Sur les conclusions à fin d'annulation :

En ce qui concerne le moyen tiré de l'incompétence du signataire de la décision :

2. Il ressort des pièces du dossier que l'arrêté attaqué a été signé par M. E, adjoint délégué à l'urbanisme. Par arrêté du 4 juin 2020, le maire de Trégueux lui a donné délégation de pouvoir à l'effet de " prendre tout acte en matière d'autorisations d'urbanisme en application du plan local d'urbanisme et du code de l'urbanisme ". Cet arrêté a fait l'objet d'un affichage en mairie le 12 juin 2020 et d'une transmission au préfet du Morbihan le même jour. Par suite, le moyen tiré de l'incompétence du signataire de l'arrêté du 24 août 2021 doit être écarté comme manquant en fait.

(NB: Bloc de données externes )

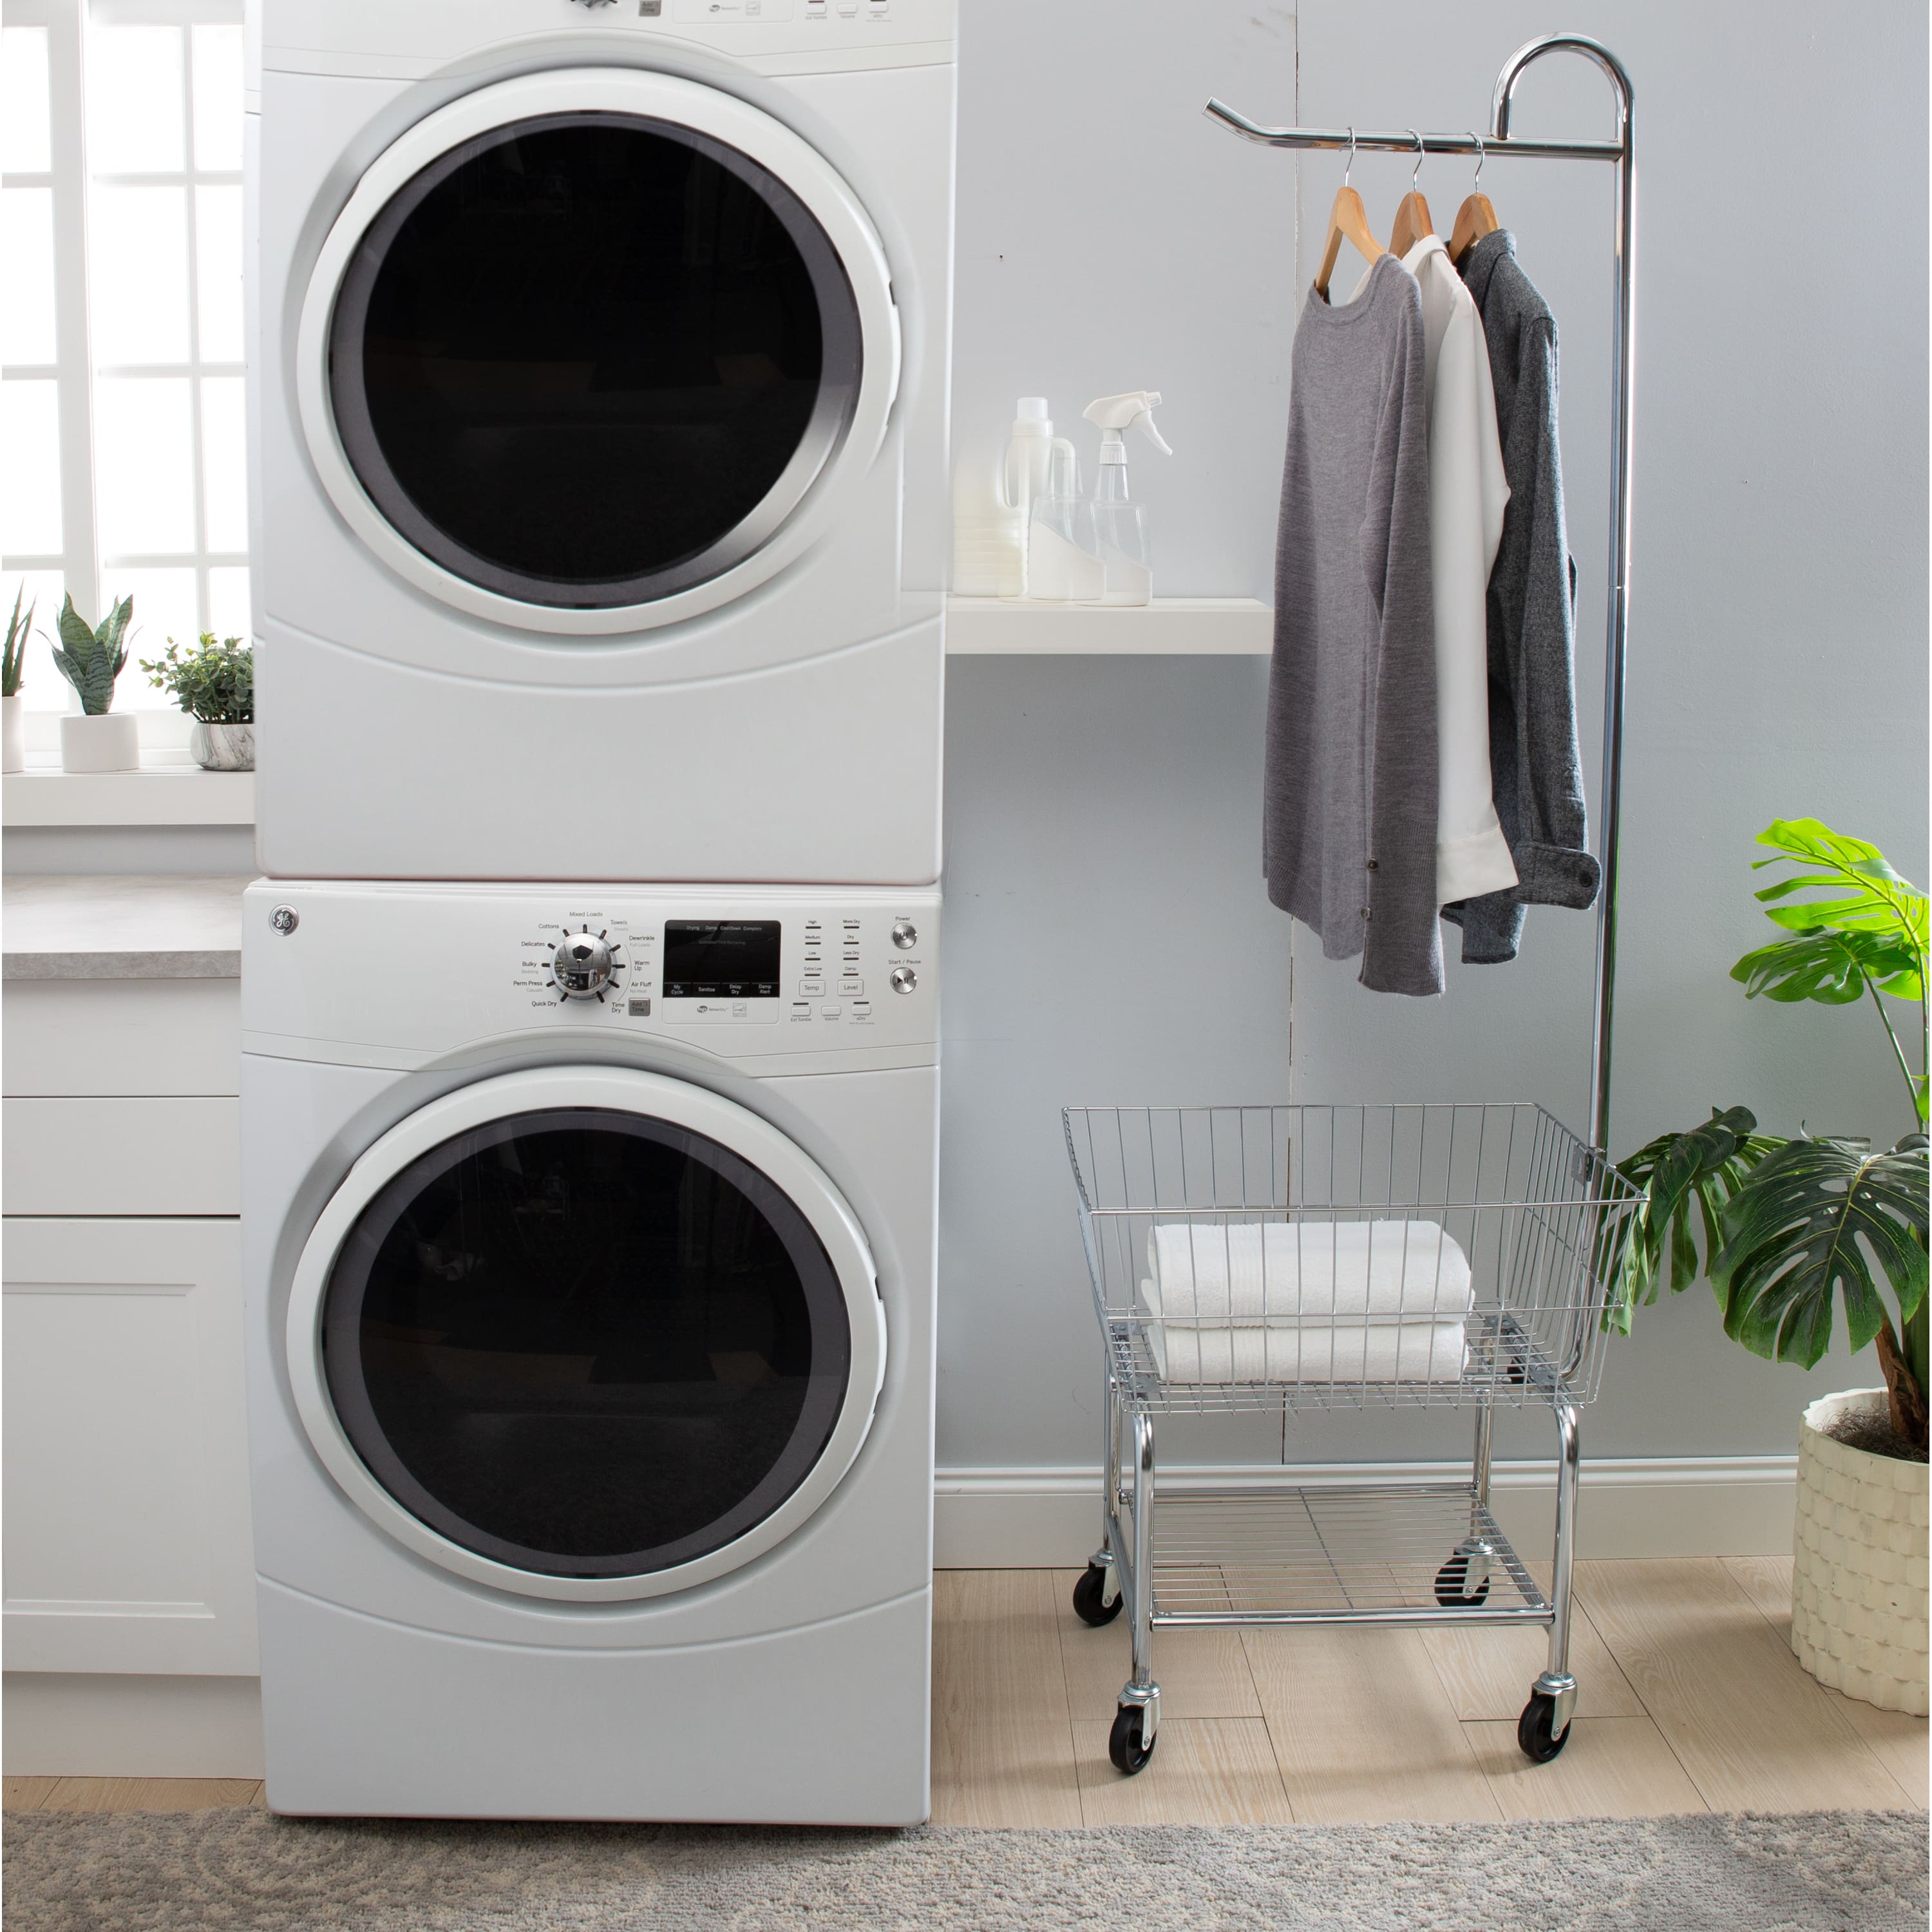 Organize It All Deluxe Laundry Valet

En ce qui concerne le moyen tiré de l'incomplétude du dossier de demande de permis de construire :

3. Aux termes des dispositions de l'article R. 431-8 du code de l'urbanisme : " Le projet architectural comprend une notice précisant : 1° L'état initial du terrain et de ses abords indiquant, s'il y a lieu, les constructions, la végétation et les éléments paysagers existants ; 2° Les partis retenus pour assurer l'insertion du projet dans son environnement et la prise en compte des paysages, faisant apparaître, en fonction des caractéristiques du projet : () b) L'implantation, l'organisation, la composition et le volume des constructions nouvelles, notamment par rapport aux constructions ou paysages avoisinants ; () ". Aux termes de l'article R. 431-9 du même code : " Le projet architectural comprend également un plan de masse des constructions à édifier ou à modifier coté dans les trois dimensions. Ce plan de masse fait apparaître les travaux extérieurs aux constructions, les plantations maintenues, supprimées ou créées et, le cas échéant, les constructions existantes dont le maintien est prévu () ". Aux termes de l'article R. 431-10 de ce code : " Le projet architectural comprend également : () c) Un document graphique permettant d'apprécier l'insertion du projet de construction par rapport aux constructions avoisinantes et aux paysages, son impact visuel ainsi que le traitement des accès et du terrain ; d) Deux documents photographiques permettant de situer le terrain respectivement dans l'environnement proche et, sauf si le demandeur justifie qu'aucune photographie de loin n'est possible, dans le paysage lointain () ".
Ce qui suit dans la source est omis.